It seems that Jesus is suggesting that in supporting others as they live into their vocations--callings from God--that we in a real sense participate in their work and are included in the consequences that come their way because of that work. God has a calling on our lives as well. As we grow in those there are consequences of that work. Those who love us and welcome us and support us become a part of living out the calling and into the consequences as well. Who supports you in the calling that God has placed on your life? You would do well to share with them the reward that is yours.

There is a song by Ray Boltz that is simply called Thank You. The gist of the song is that because of this person in heaven who had lived out various callings (Sunday School teacher, supporter of missions, etc., etc.) many had been welcomed into the kingdom of heaven. They received the consequences of the gospel -- salvation in the name of Jesus. And they shared part of their reward with this kind and generous person. The truest reward comes not in the form of money nor fame nor anything else of this world. The truest reward comes in changed lives that are drawn into the glorious good news of the gospel. May our lives be so full of welcoming and being welcomed that our lives and those around us are changed for the better forever.

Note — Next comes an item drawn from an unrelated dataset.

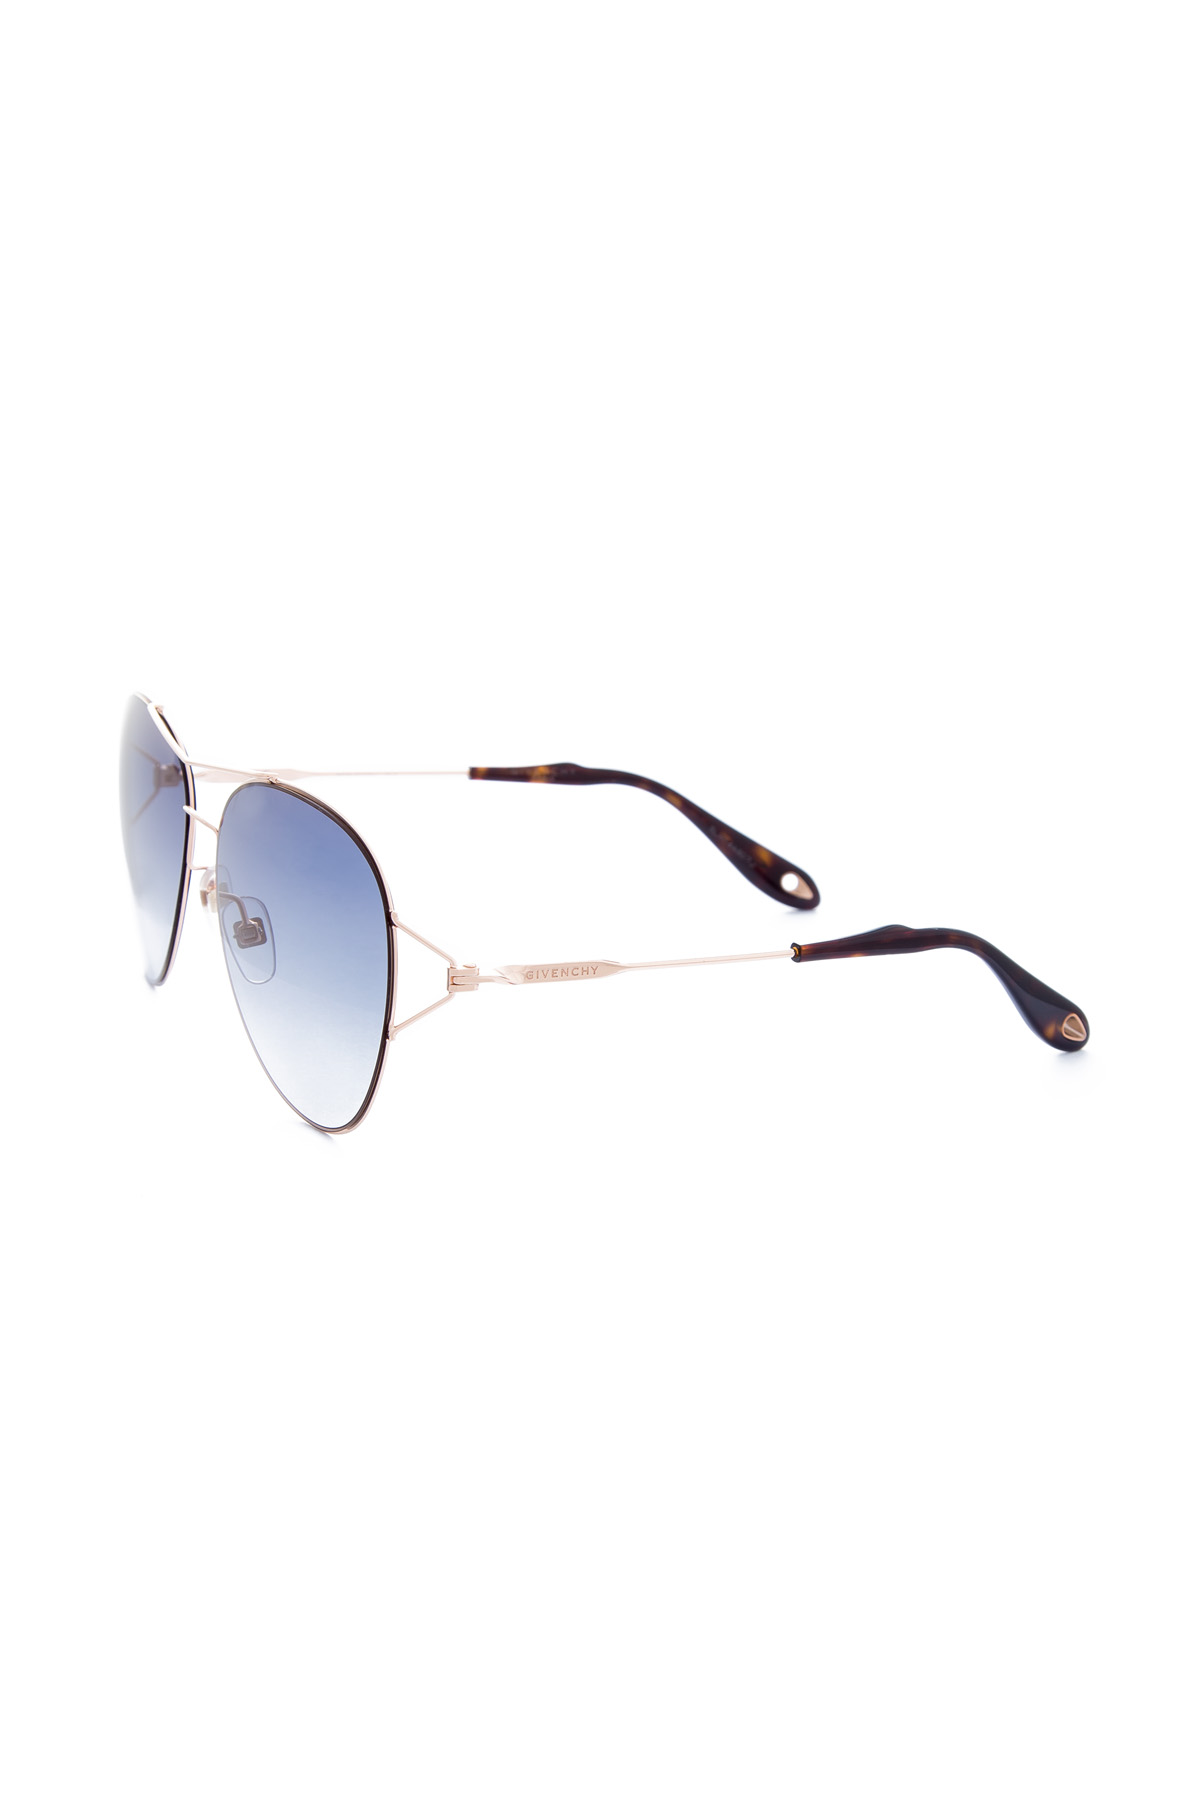 Очки-авиаторы с перемычками из металла золотистого цвета GIVENCHY (sunglasses), размер 36 - фото 2

God, help us welcome all because all are made in your image. Help us share whatever rewards you may send our way. Thank you, Jesus, we are lives that are changed. We are so glad You came. Amen.

Tuesday, June 17, 2014

e-vo for week of June 18

Dearest e-votees-

When we give a gift we are yielding control to what becomes of it. The recipient gains control or liberty with said gift.

When God gives us salvation by grace God yields a measure of control as well. Grace is ours. What we do with that grace is our choice.

Paul has a few things to say about how we might employ the freedom from sin we have in Christ.



1 Should we continue in sin in order that grace may abound? 2 By no means! How can we who died to sin go on living in it?3 Do you not know that all of us who have been baptized into Christ Jesus were baptized into his death? 4 Therefore we have been buried with him by baptism into death, so that, just as Christ was raised from the dead by the glory of the Father, so we too might walk in the newness of life. 5 For if we have been united with him in a death like his, we will certainly be united with him in a resurrection like his. 6 We know that our old self was crucified with him so that the body of sin might be destroyed, and we might no longer be enslaved to sin. 7 For whoever has died is freed from sin. 8 But if we have died with Christ, we believe that we will also live with him. 9 We know that Christ, being raised from the dead, will never die again; death no longer has dominion over him. 10 The death he died, he died to sin, once for all; but the life he lives, he lives to God. 11 So you also must consider yourselves dead to sin and alive to God in Christ Jesus.

Romans 6:1b-11, NRSV

When we are baptized we are connected with Jesus' death. As he died so we die too. As the consequences of sin exacted his life from him the power of sin is put to death in our lives. Because Jesus was bound, beaten and killed we are freed, healed and born anew. When death occurs sin loses its grip. When Jesus died sin could harm him no more. When we are baptized into Christ we are joined into his death and, therefore, into the freedom from the ultimate consequences of sin.

When we are baptized we are connected with Jesus' resurrection. As he lived so we live too. The power of God that worked his resurrection is at work in us too. Because death could not hold Jesus down we will not be forever weighed down with mortality either. When new life occurs sin loses its grip. When Jesus rose from the dead sin could harm him no more. When we are baptized into Christ we are joined into his resurrection and, therefore, into the freedom from the ultimate consequences of death.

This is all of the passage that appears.